The phonon confinement effect in two-dimensional nanocrystals of black phosphorus with anisotropic phonon dispersions

The RWL model for the phonon confinement effect in nanocrystals (NCs) had been found to result in deviations and limitations for crystals exhibiting obvious anisotropic phonon dispersions and modified models have been proposed to overcome these deficiencies. Here, we examine this issue in black phosphorus (BP), a typical anisotropic two-dimensional crystal exhibiting pronounced anisotropy in phonon dispersions. A detailed study is performed on the Raman spectra of BP NCs prepared by the ion implantation technique.

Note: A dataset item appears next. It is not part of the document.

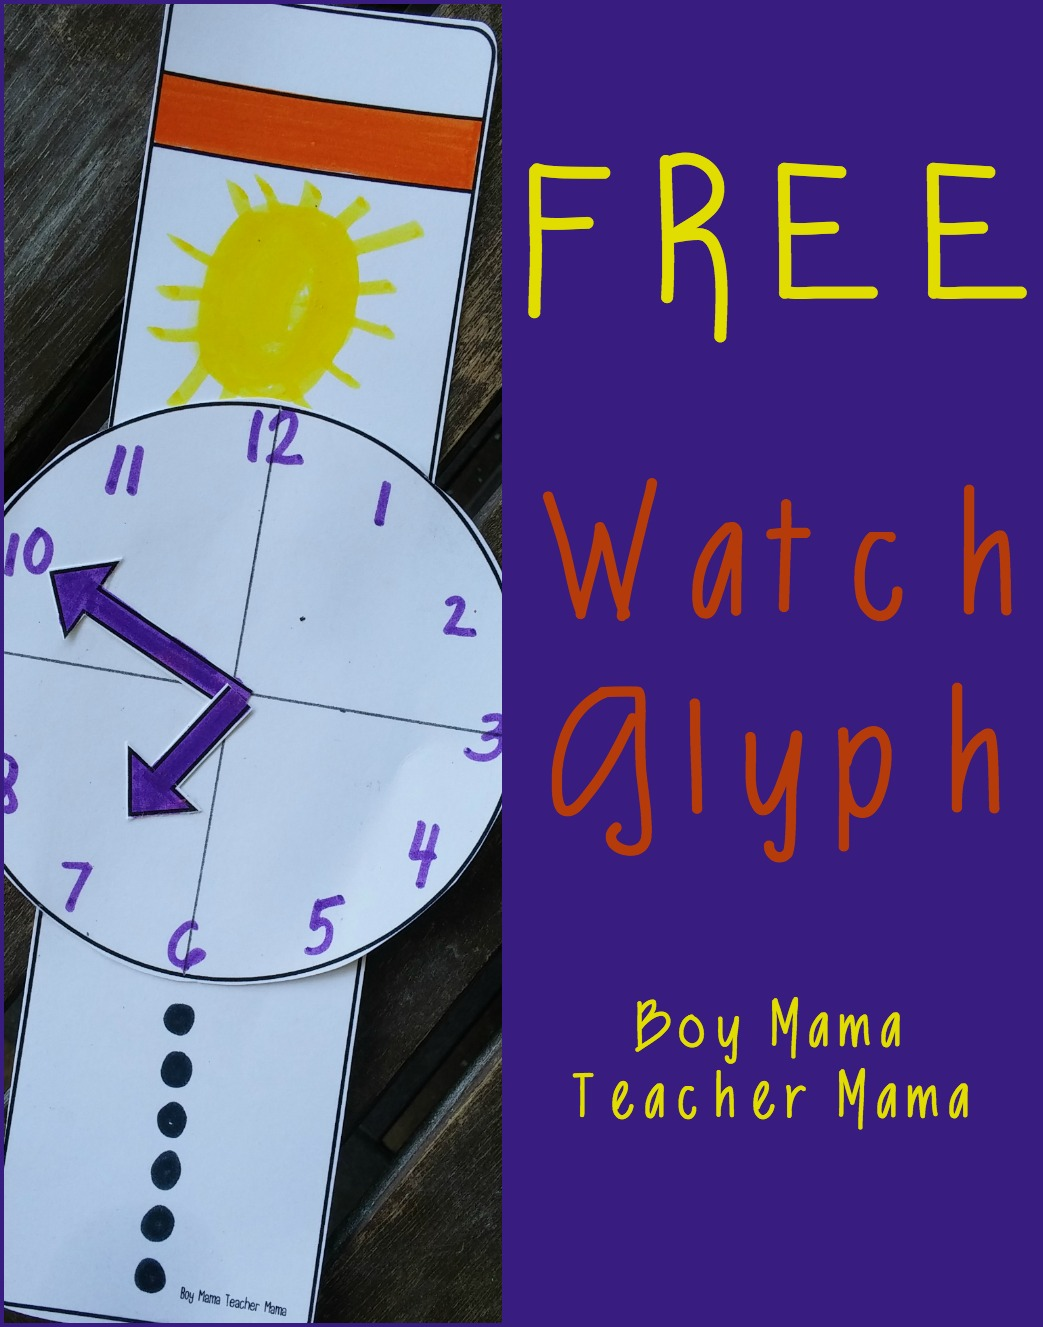 Boy Mama Teacher Mama FREE Watch Glyph (featured)

With decreasing NC size, the peak positions of the three characteristic Raman modes, A(g)(1), B-2g and A(g)(2) modes, remain almost unchanged, while the A(g)(1) and A(g)(2) modes show significant asymmetrical broadening tails towards higher-and lower-frequency sides, respectively. It is found that the RWL model based on one-dimensional phonon dispersion along G-Y and G-X axes in the Brillouin zone (BZ) cannot interpret the unusual frequency invariance and inhomogeneous line shape broadening of these three modes. However, after considering the contribution of two-dimensional anisotropic phonon dispersions from the whole BZ, the frequency and asymmetrical broadening of the A(g)(1) and A(g)(2) modes can be well reproduced. This study demonstrates that the RWL model can be applicable for crystals with anisotropic phonon dispersions once the phonons in the whole two-dimensional or three-dimensional BZ are properly taken into account, and provides a physically sound route into understanding the phonon confinement effect for anisotropic systems.